Detailed Description of the Invention [Industrial Application Field] The present invention is directed to the production of antibodies against hepatocyte antigens in serum, so-called autoantibodies, using novel monoclonal antibodies that specifically act against human hepatocyte antigens. Concerning methods for measuring quantities.

The present invention also relates to a liver disease diagnostic method using the above-mentioned novel monoclonal antibody.

[Prior art] Conventionally, liver function was diagnosed using methods that fixed the activity of enzymes present in the liver, such as At-T (alanine aminotransferase) and AST (aspartate aminotransferase). Although these methods allow us to obtain a variety of information about liver function and liver diseases, they are not necessarily specific to liver function, and for accurate measurement and diagnosis, there is a need for a means to obtain other information. .

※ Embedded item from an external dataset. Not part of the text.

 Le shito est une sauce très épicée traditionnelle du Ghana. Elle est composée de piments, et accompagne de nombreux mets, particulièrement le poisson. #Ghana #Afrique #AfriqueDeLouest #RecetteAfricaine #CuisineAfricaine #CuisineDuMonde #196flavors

[Background of the Invention] The present inventors first described a novel monoclonal antibody that specifically acts against human hepatocyte antigens and its I! proposed the J construction method (patent application 1986-2 filed on February 15, 1985)
No. 6532).

This new monoclonal antibody that specifically acts against human hepatocyte antibodies was obtained by fusion of mouse myeloma cells with mouse poetry cells obtained by immunizing mice with human hepatocyte antigens. Fused cells capable of producing monoclonal antibodies against human hepatocyte antigens are cultured in a culture medium or transplanted intraperitoneally into mice to produce the monoclonal antibodies in the culture medium or, alternatively, in ascites fluid. This was obtained by

By the way, it is known that human serum contains so-called autoantibodies, which are antibodies that react with various antigens derived from human hepatocyte tissue. In the process of researching the behavior of the above-mentioned novel monoclonal antibody that specifically acts against human hepatocyte antigens, we measured the level of autoantibodies in serum using this monoclonal antibody, and in this way. They discovered that the amount of autoantibodies measured by the method was closely related to the presence or absence of liver disease.

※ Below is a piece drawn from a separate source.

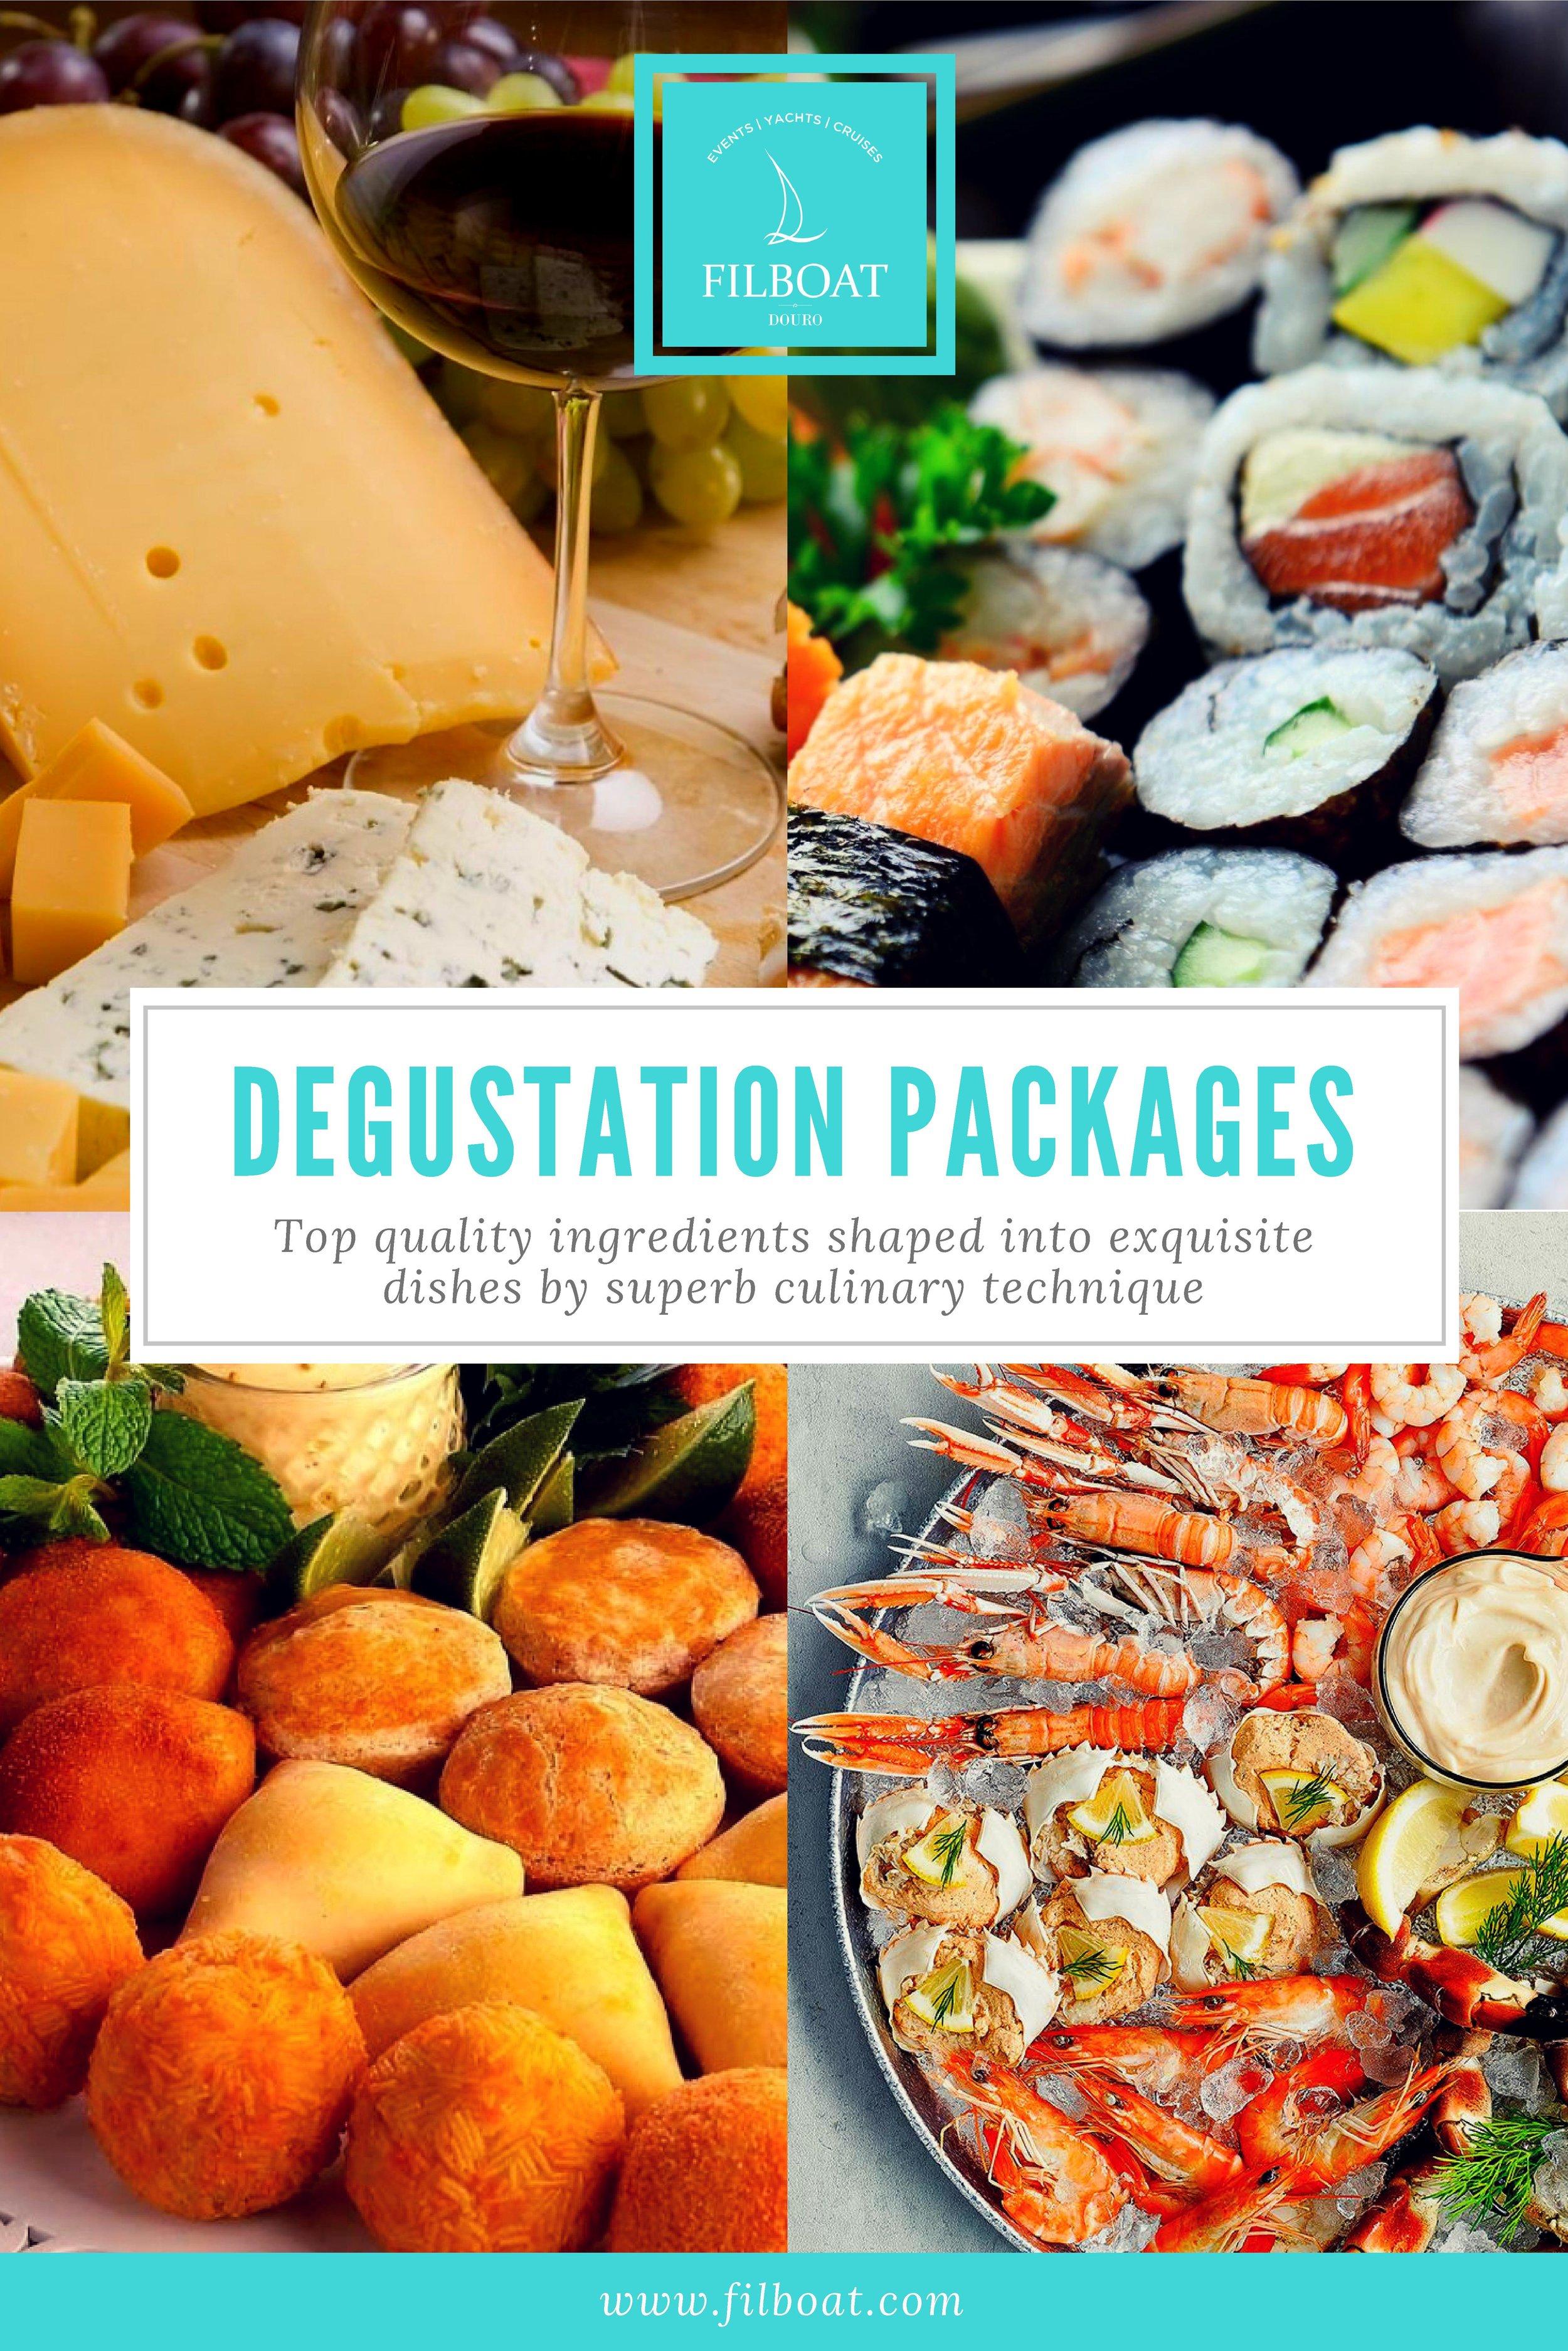 Degustation Packages - FILBOAT.jpg

In other words, when the amount of autoantibodies is measured using this monoclonal antibody, it is found that a large amount of autoantibodies is present in the serum of subjects with liver disease compared to that of normal subjects, as detailed below. It was discovered that the presence or absence of liver disease can be detected by monitoring the amount of autoantibodies. Therefore, the measurement of autoantibodies in serum according to the present invention has introduced new means and possibilities for the diagnosis of liver diseases.

[Specific Contents of the Invention] The present invention provides a method for measuring anti-human liver-specific antigen antibodies in the serum of a subject by an immunochemical method using a monoclonal antibody against human hepatocyte antigens. It is.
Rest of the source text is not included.